(INPUT DATA begins)

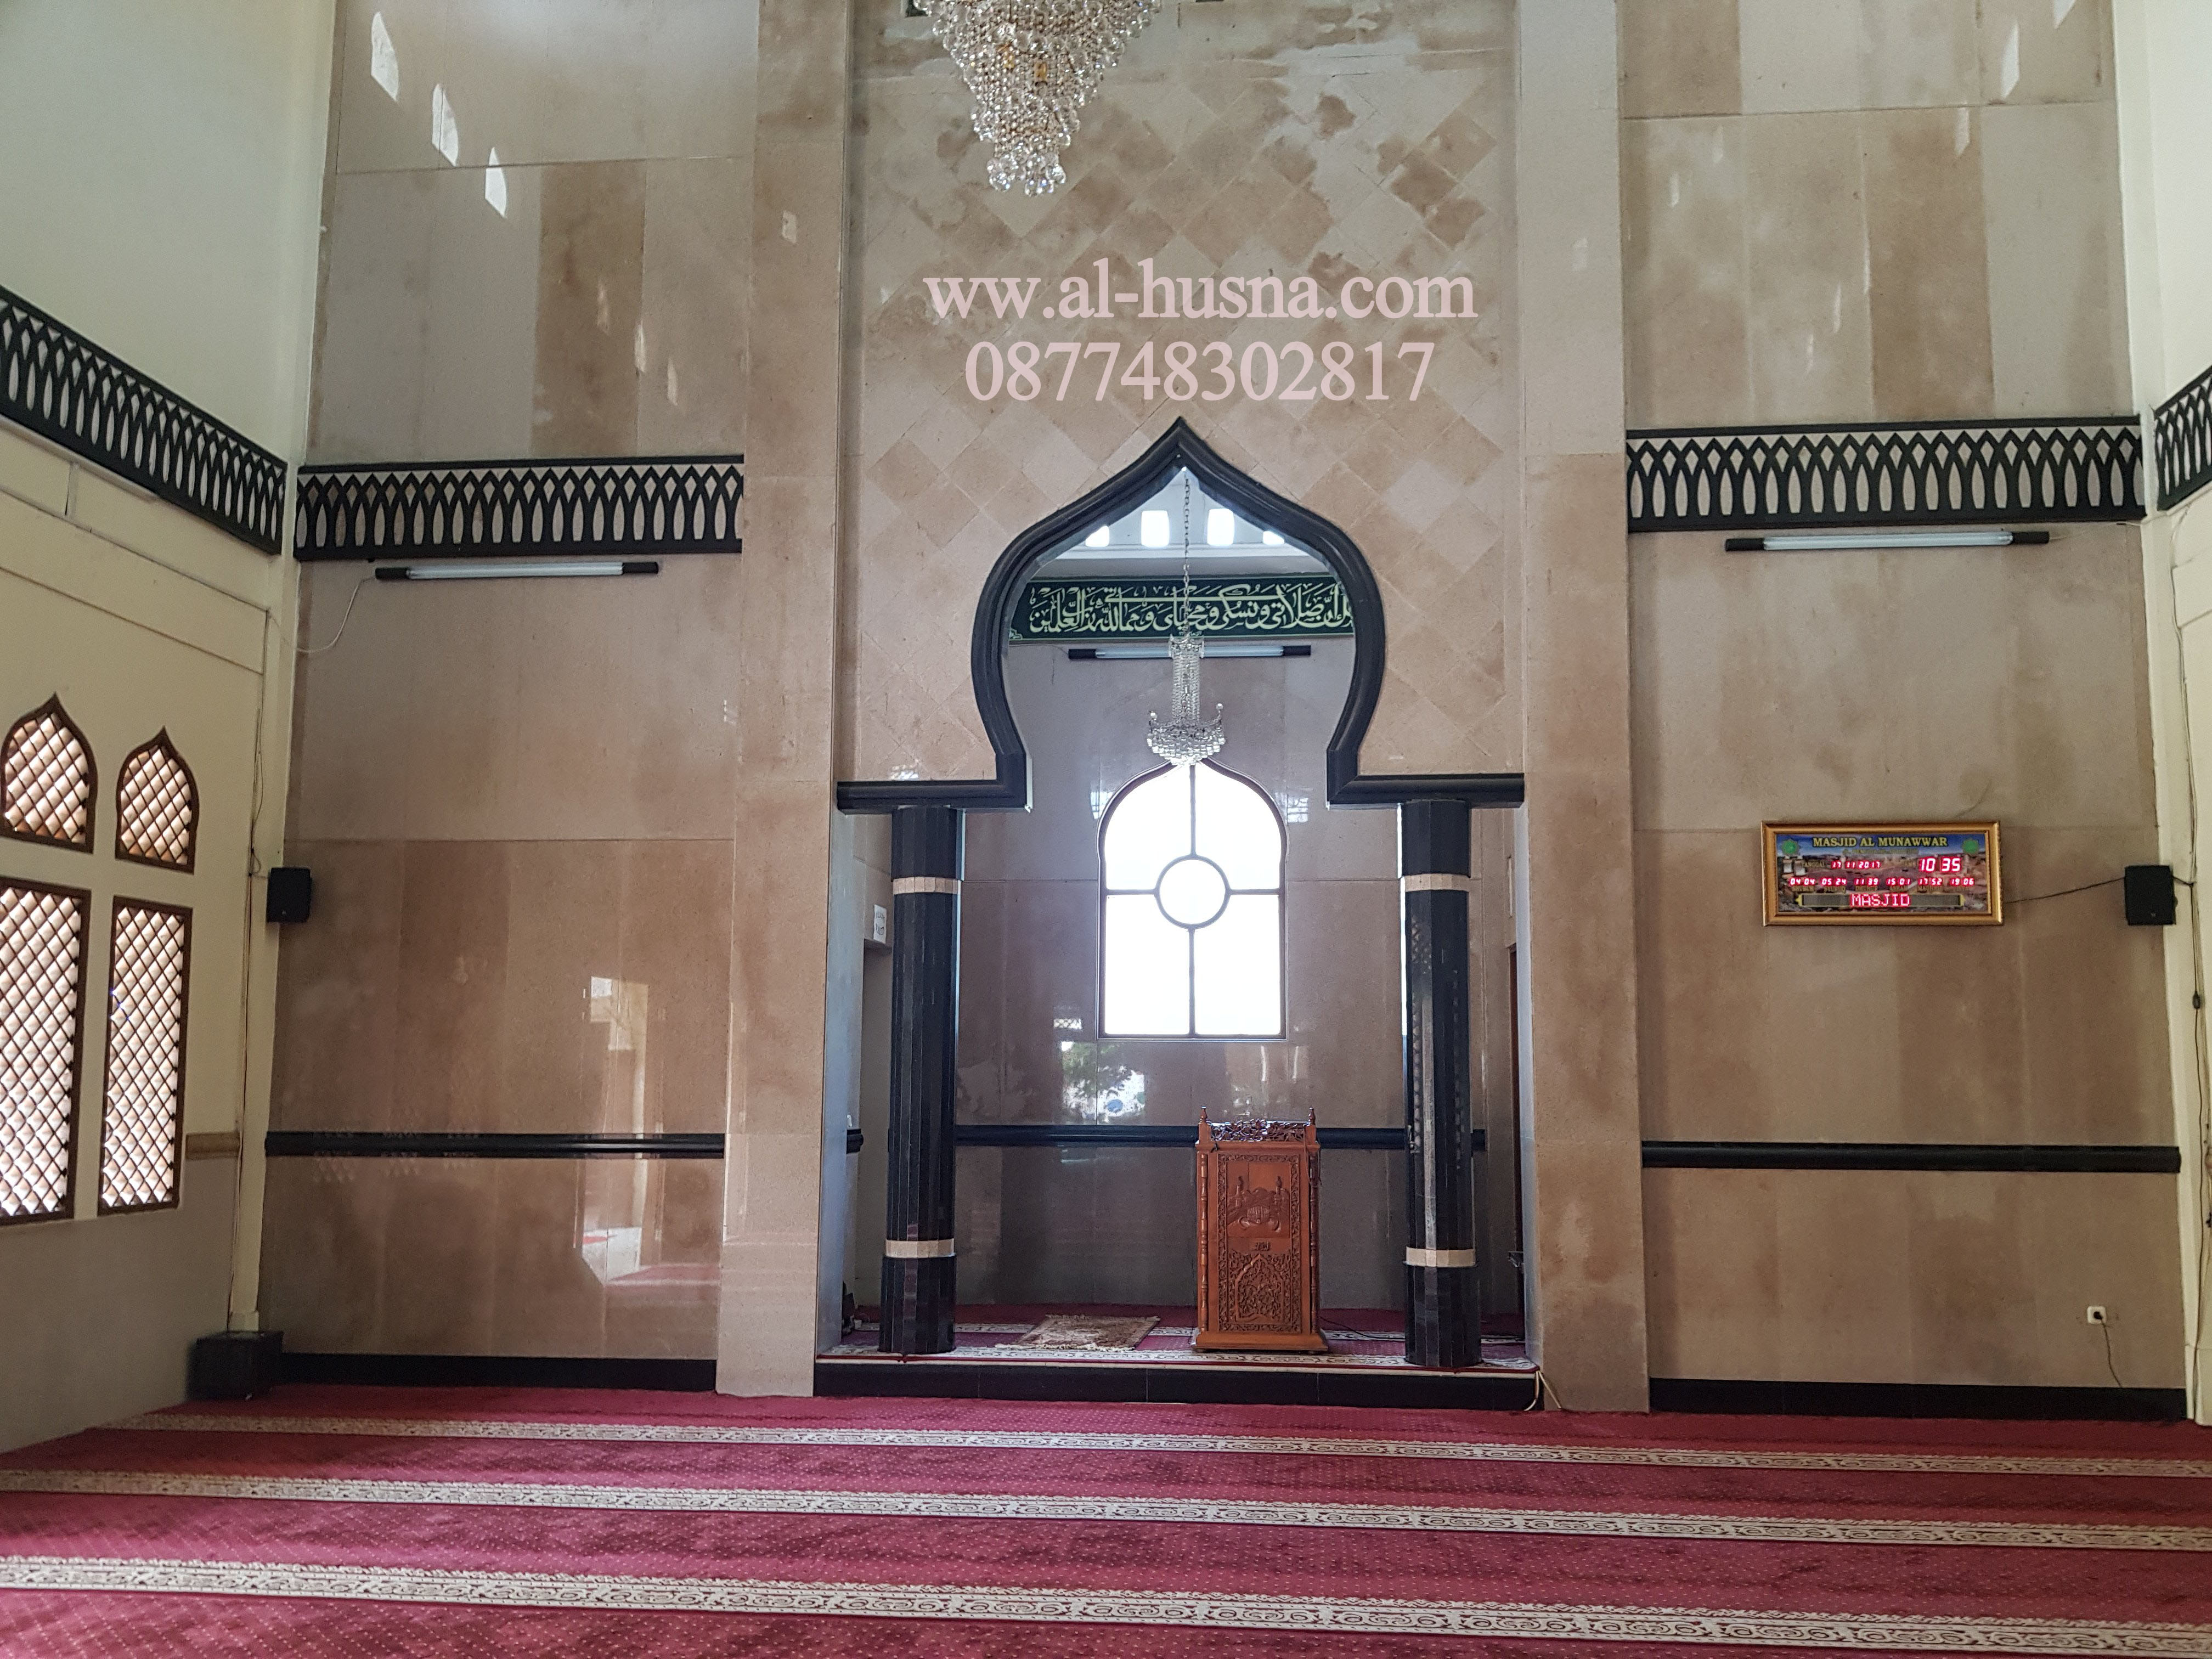 Daftar Harga Karpet Masjid Di Sukamukti Bojongmangu
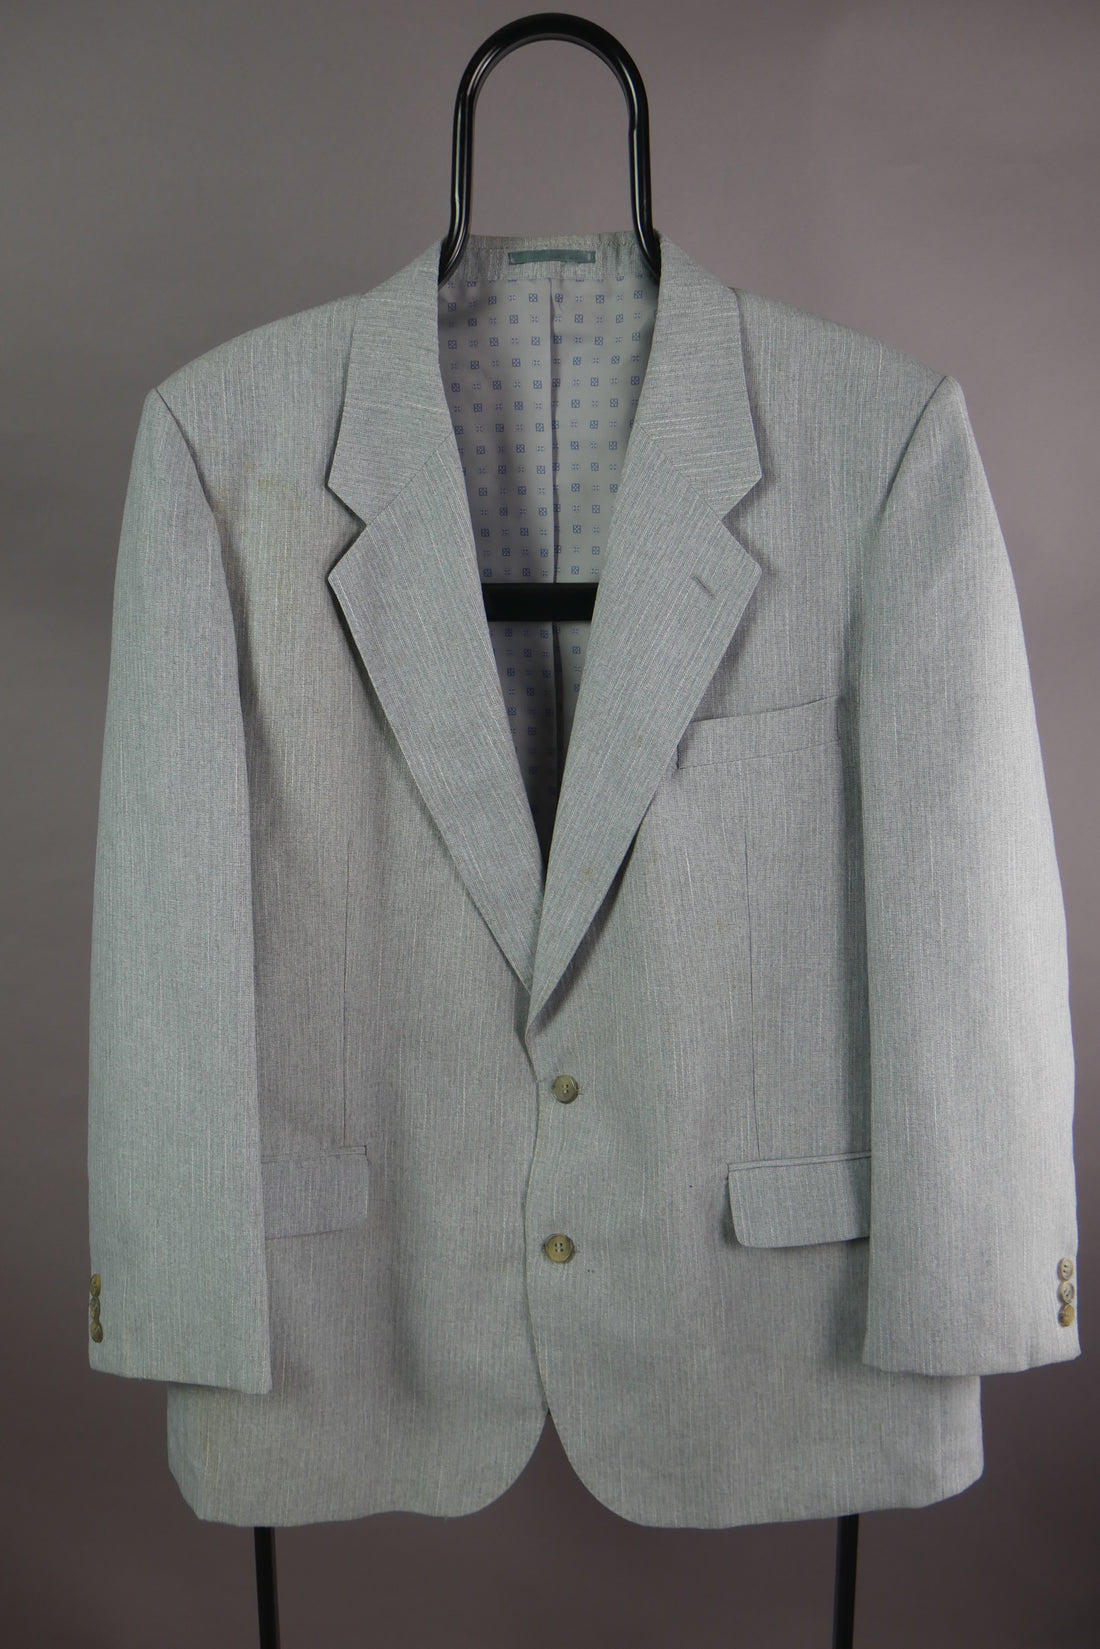 The Classic Vintage Suit Jacket (46R)
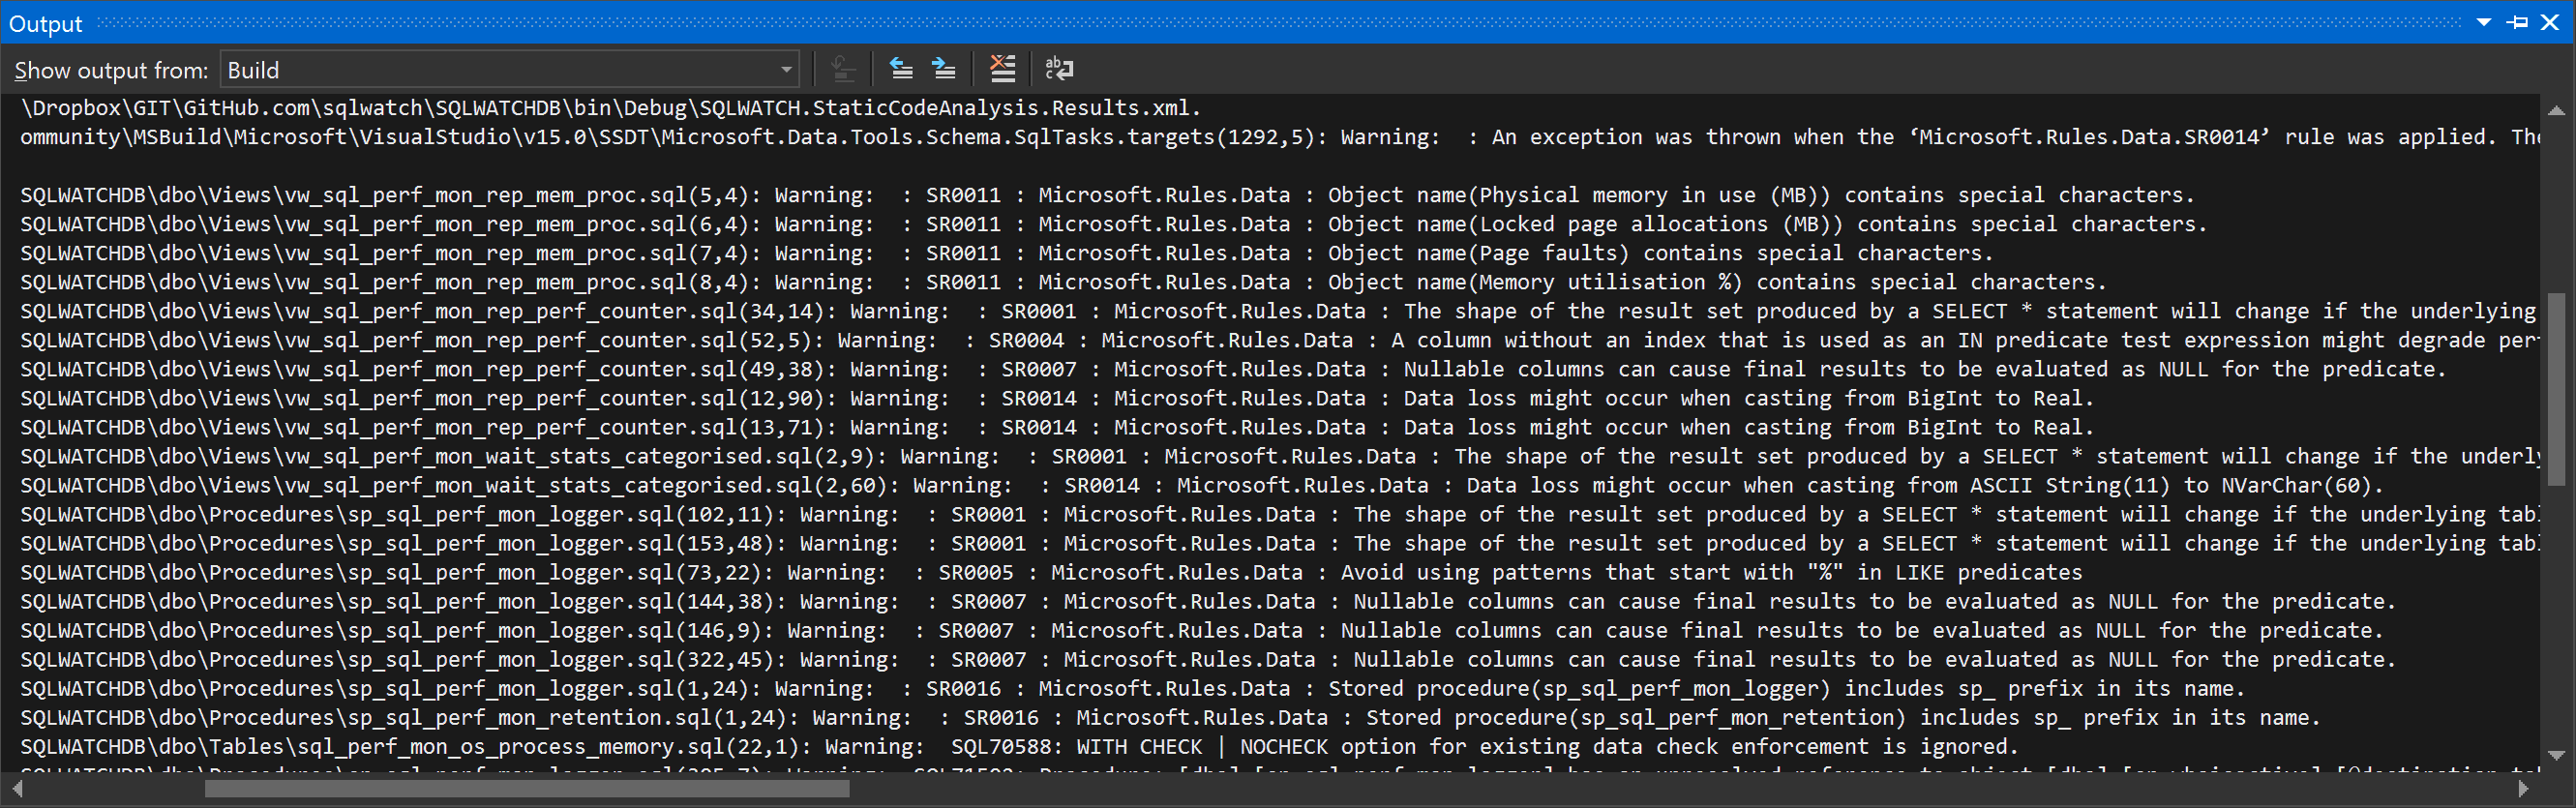 Visual Studio Database Code Analysis

(INPUT DATA ends)

### PROBLEM
All lines from the one holding "The Classic Vintage Suit Jacket (46R)" through the last line of the material above should be set down exactly, and the pictures should be left out.

### TASK ANSWER
 The Classic Vintage Suit Jacket (46R)
 Visual Studio Database Code Analysis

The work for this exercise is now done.